I launched Spark Thrift Server on the master node and it's the only job that is running on the cluster
sudo /usr/lib/spark/sbin/start-thriftserver.sh --conf spark.blacklist.enabled=true --conf spark.blacklist.stage.maxFailedExecutorsPerNode=4 --conf spark.blacklist.task.maxTaskAttemptsPerNode=3 --conf spark.driver.cores=12 --conf spark.driver.maxResultSize=10g --conf spark.driver.memory=86000M --conf spark.driver.memoryOverhead=10240 --conf spark.kryoserializer.buffer.max=768m --conf spark.rpc.askTimeout=700 --conf spark.sql.broadcastTimeout=800 --conf spark.sql.sources.partitionOverwriteMode=dynamic --conf spark.task.maxFailures=20
Then I launch SQL queries on it with JDBC but when heavy queries are running, the UI gets really slow.
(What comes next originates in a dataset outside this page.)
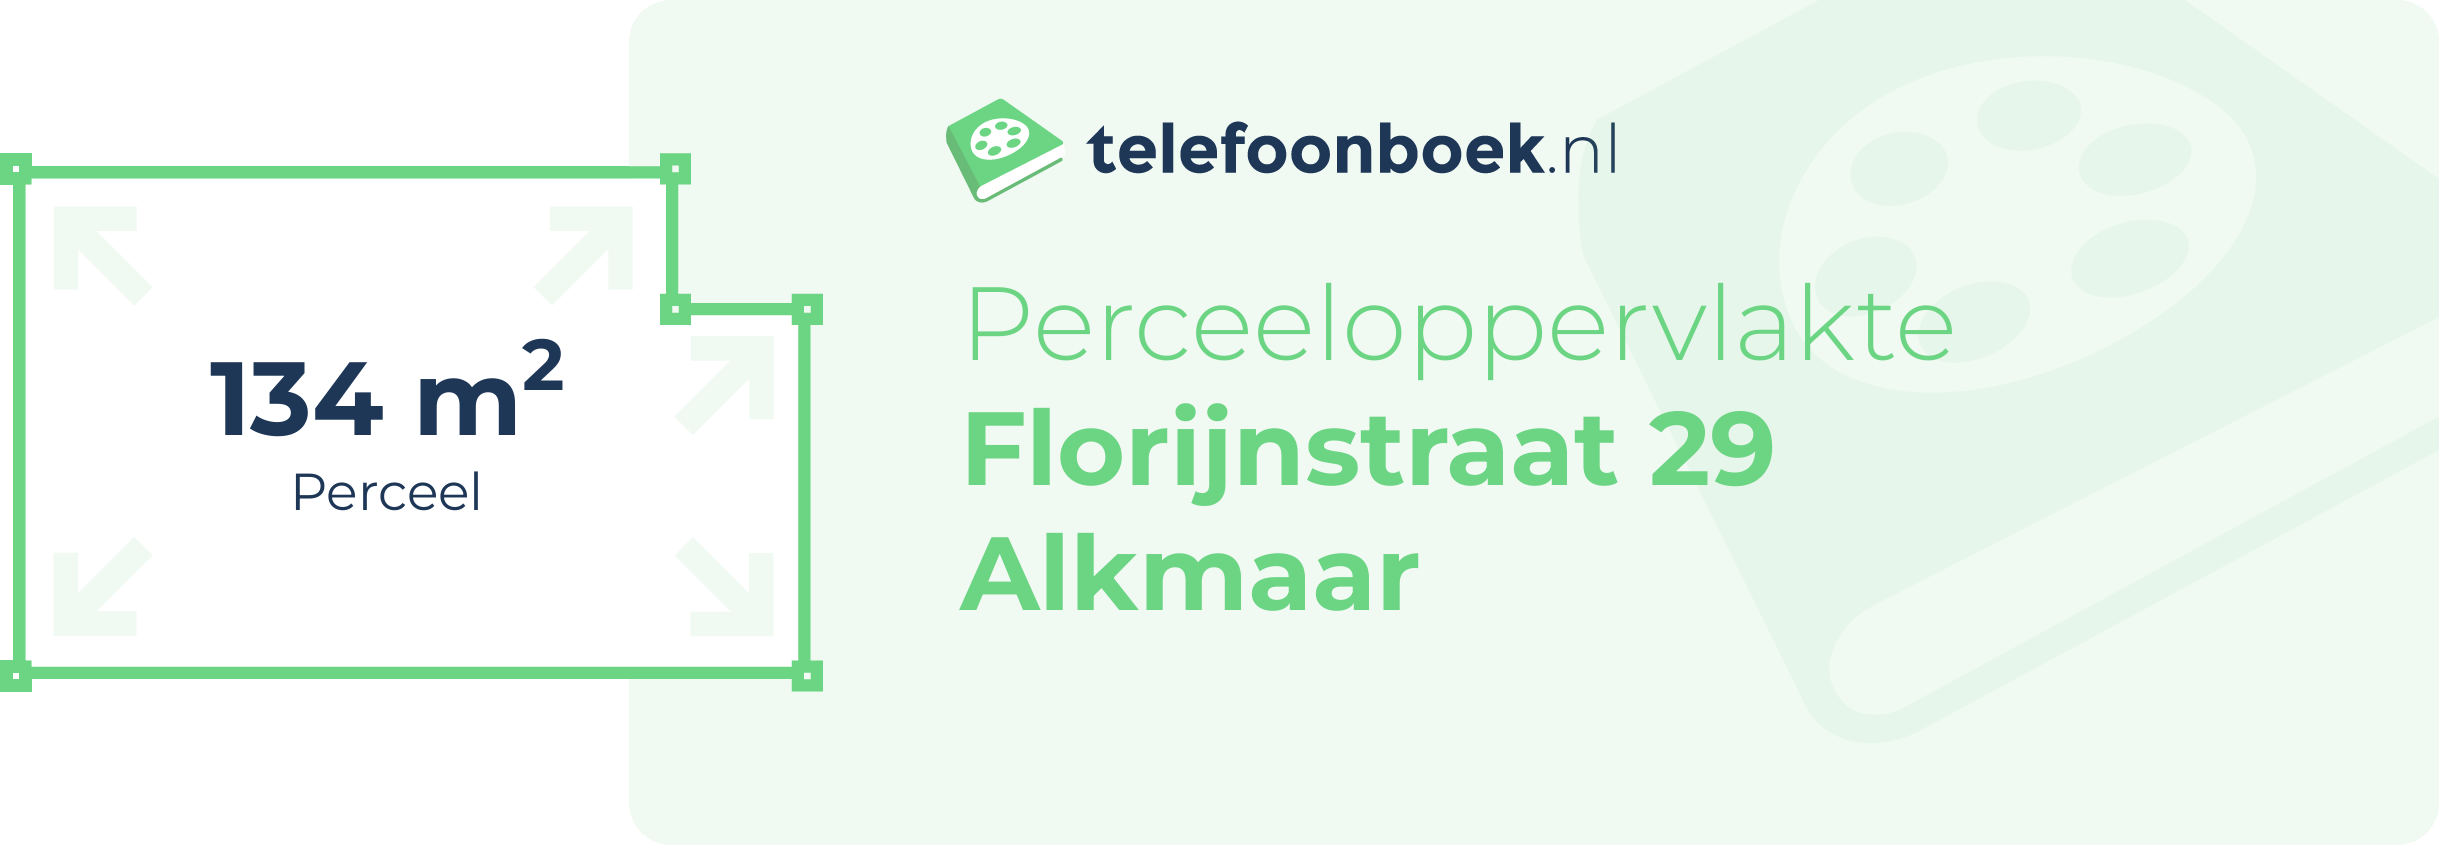 Perceeloppervlakte Florijnstraat 29 Alkmaar

I thought it would be fine if I put spark.driver.cores=12 (there are 16 in the master node) and spark.driver.memory=86000M (there are 128GB of memory) to leave some margin for the master node to be able to run other processes like the history server but it is still slow.
So I guess there are other settings that I can edit to make the UI works fine but I'm not sure what.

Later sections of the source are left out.